Blomberg. Am Wochenende wird die HSG Blomberg-Lippe wieder in der Handball Bundesliga Frauen gefordert sein. Gegen den starken Aufsteiger Handball Luchse Buchholz 08-Rosengarten erwartet die Blombergerinnen am Sonntagnachmittag ein schweres Auswärtsspiel. Ab 16:00 Uhr möchten HSG-Kapitänin Laura Rüffieux und Co. dennoch die zwei Punkte aus der Nordheidehalle in Buchholz entführen.

Laura Rüffieux und die HSG sind am Sonntag bei Aufsteiger HL Buchholz 08–Rosengarten zu Gast.

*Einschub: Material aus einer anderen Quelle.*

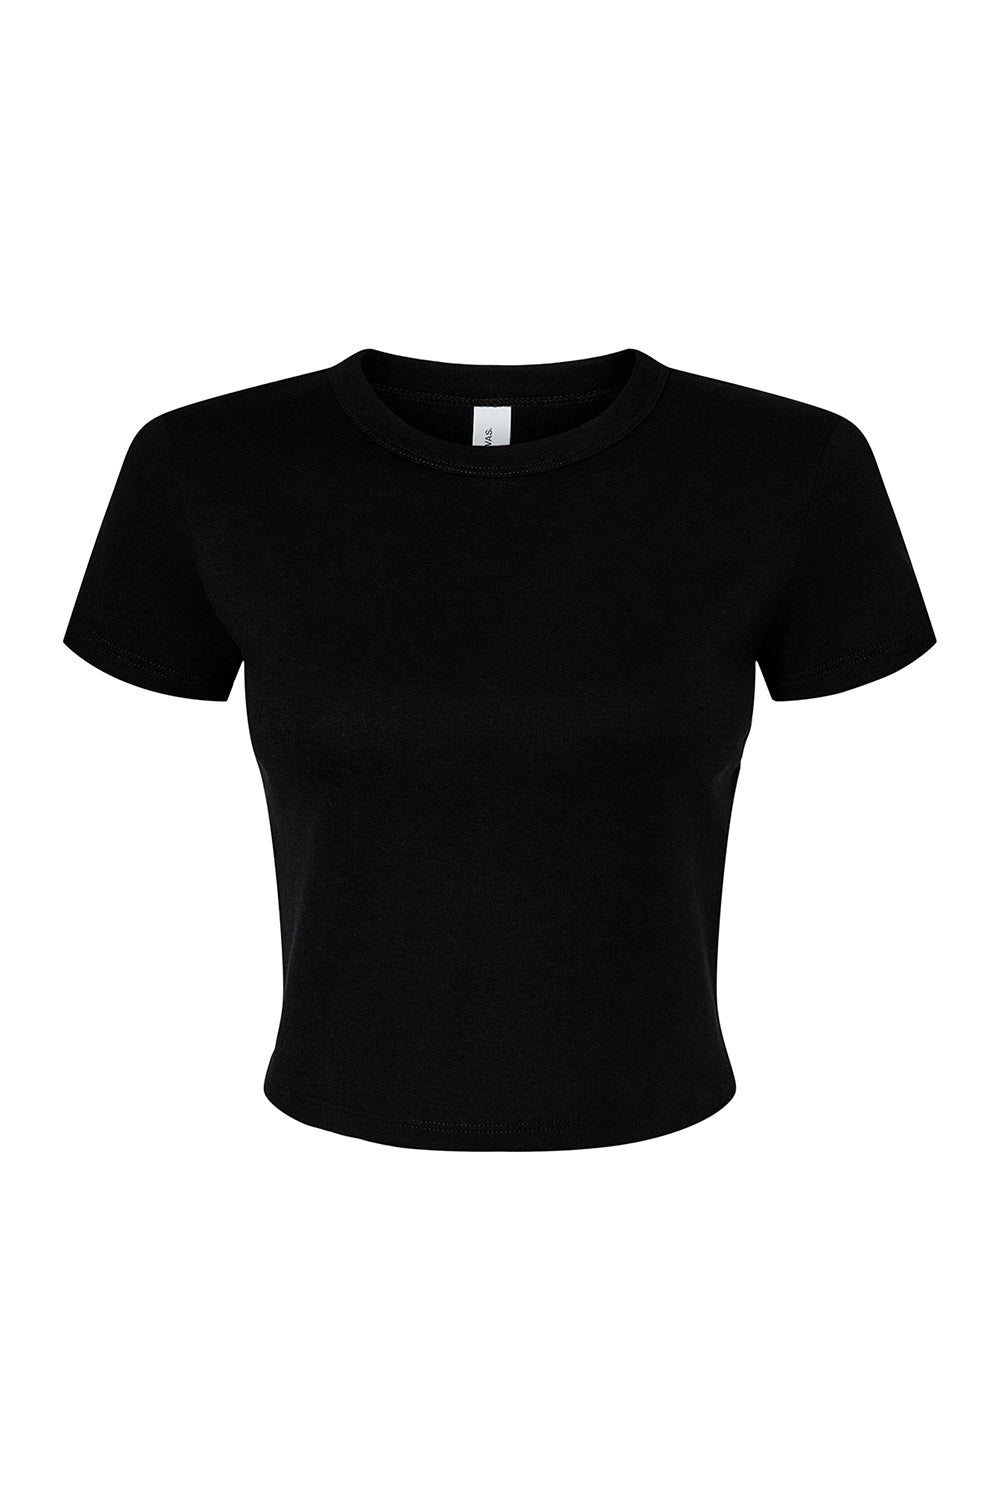 Bella + Canvas 1010BE Womens Micro Ribbed Short Sleeve Crewneck Baby T-Shirt Black Flat Front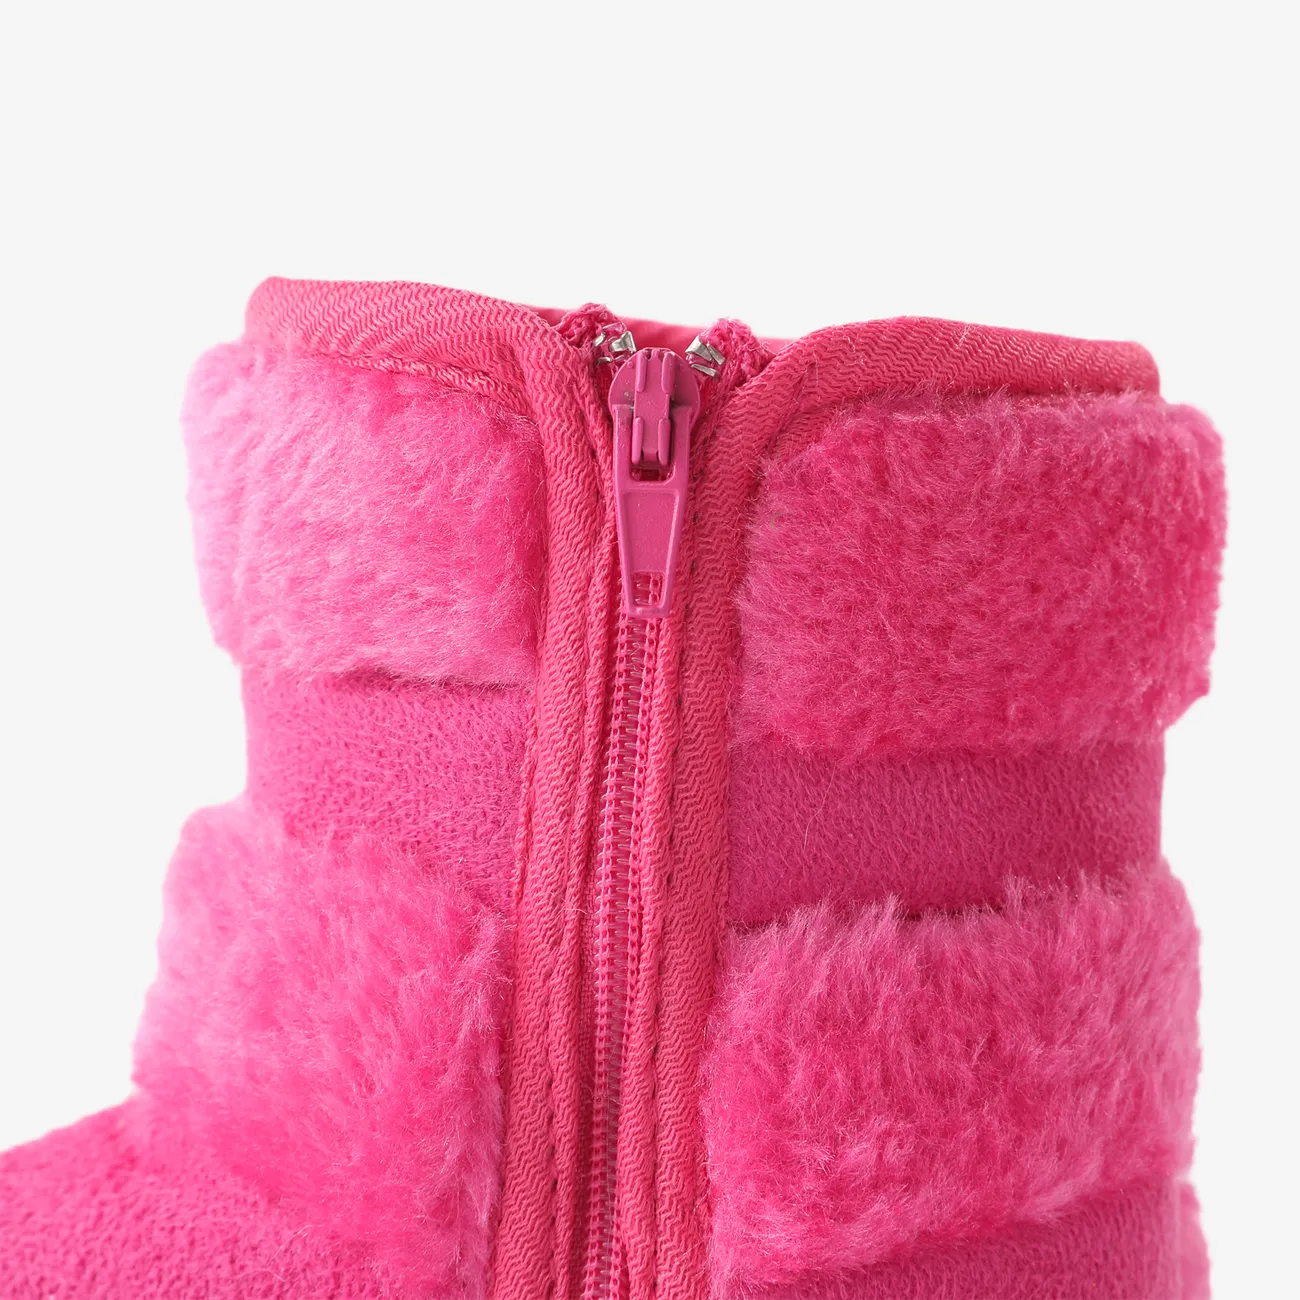 Toddler & Kids Pompom Decor Fleece Snow Boots Rosy big image 1

„Das wird alles andere als eine leichte Aufgabe für mein Team“, ist sich HSG-Trainer Steffen Birkner schon vor dem Anwurf bewusst. „Als Aufsteiger verfügen die Luchse über einen starken und breiten Kader, der definitiv die Möglichkeit hat, sich in der 1. Liga zu halten. Mit dem Sieg gegen Bad Wildungen haben sie dies am 3. Spieltag bereits unter Beweis gestellt“, so Birkner. Der 24:20-Sieg gegen Bad Wildungen ist jedoch bislang der einzige Erfolg der Luchse in der bisherigen Spielzeit. Während Dortmund (21:34) und Thüringen (22:33) den Niedersachsinnen klar die Grenzen aufwiesen, folgten gegen Bensheim/Auerbach (25:27) und den VfL Oldenburg (21:25) knappe Niederlagen, bei denen das Team von Luchse-Trainer Dubravko Prelcec jeweils einen harten Kampf ablieferte. Auf diesen macht sich auch Birkner gefasst: „Die Luchse verfügen über zahlreiche Spielerinnen mit Bundesligaerfahrung, haben sich zudem mit zwei Spielerinnen aus dem Ausland verstärkt und auch die jungen Spielerinnen machen ihre Sache bislang mehr als ordentlich. Mit der Verpflichtung von Jessica Oldenburg ist zuletzt noch einmal ein super Transfer gelungen. Wir werden von der ersten Sekunde an hellwach sein müssen.“ Erfolgreichste Werferin bei den Hausherrinnen ist die erst 23-jährige Marleen Kadenbach mit bislang 24 Treffern. Mit 2:8 Punkten liegt das Team derzeit auf dem 14. Rang. Um am Wochenende als Sieger vom Feld zu gehen, verlangt Birkner von seinem Team einen geduldigen Auftritt und großen Einsatz: „Gegen die hohe Körperlichkeit und variable Abwehr des Gegners müssen wir flexible und immer wieder neue Lösungen finden, um das Bollwerk zu durchbrechen. Sicherlich müssen wir uns im Vergleich zum Thüringen-Spiel auch mit Blick auf die Effektivität wieder deutlich steigern. Wir wollen die zwei Punkte aber auf jeden Fall mit nach Hause nehmen!“, so die Marschrichtung des Trainers.

Zu einem Wiedersehen kommt es am Sonntagnachmittag mit Kim Berndt. Die Rückraumspielerin war von 2006 bis 2014 Teil der HSG-Familie und sicherte sich mit der A-Jugend 2008 die Deutsche Meisterschaft. Zwei Jahre später unterschrieb sie einen Bundesligavertrag bei der HSG, ehe sie vier Jahre später nach Koblenz wechselte.

Geleitet wird das Spiel am Sonntag vom Schiedsrichterinnengespann Jennifer Eckert und Maria Ludwig. Die Begegnung wird wie gewohnt im kostenlosen Livestream auf Sportdeutschland.TV zu sehen sein.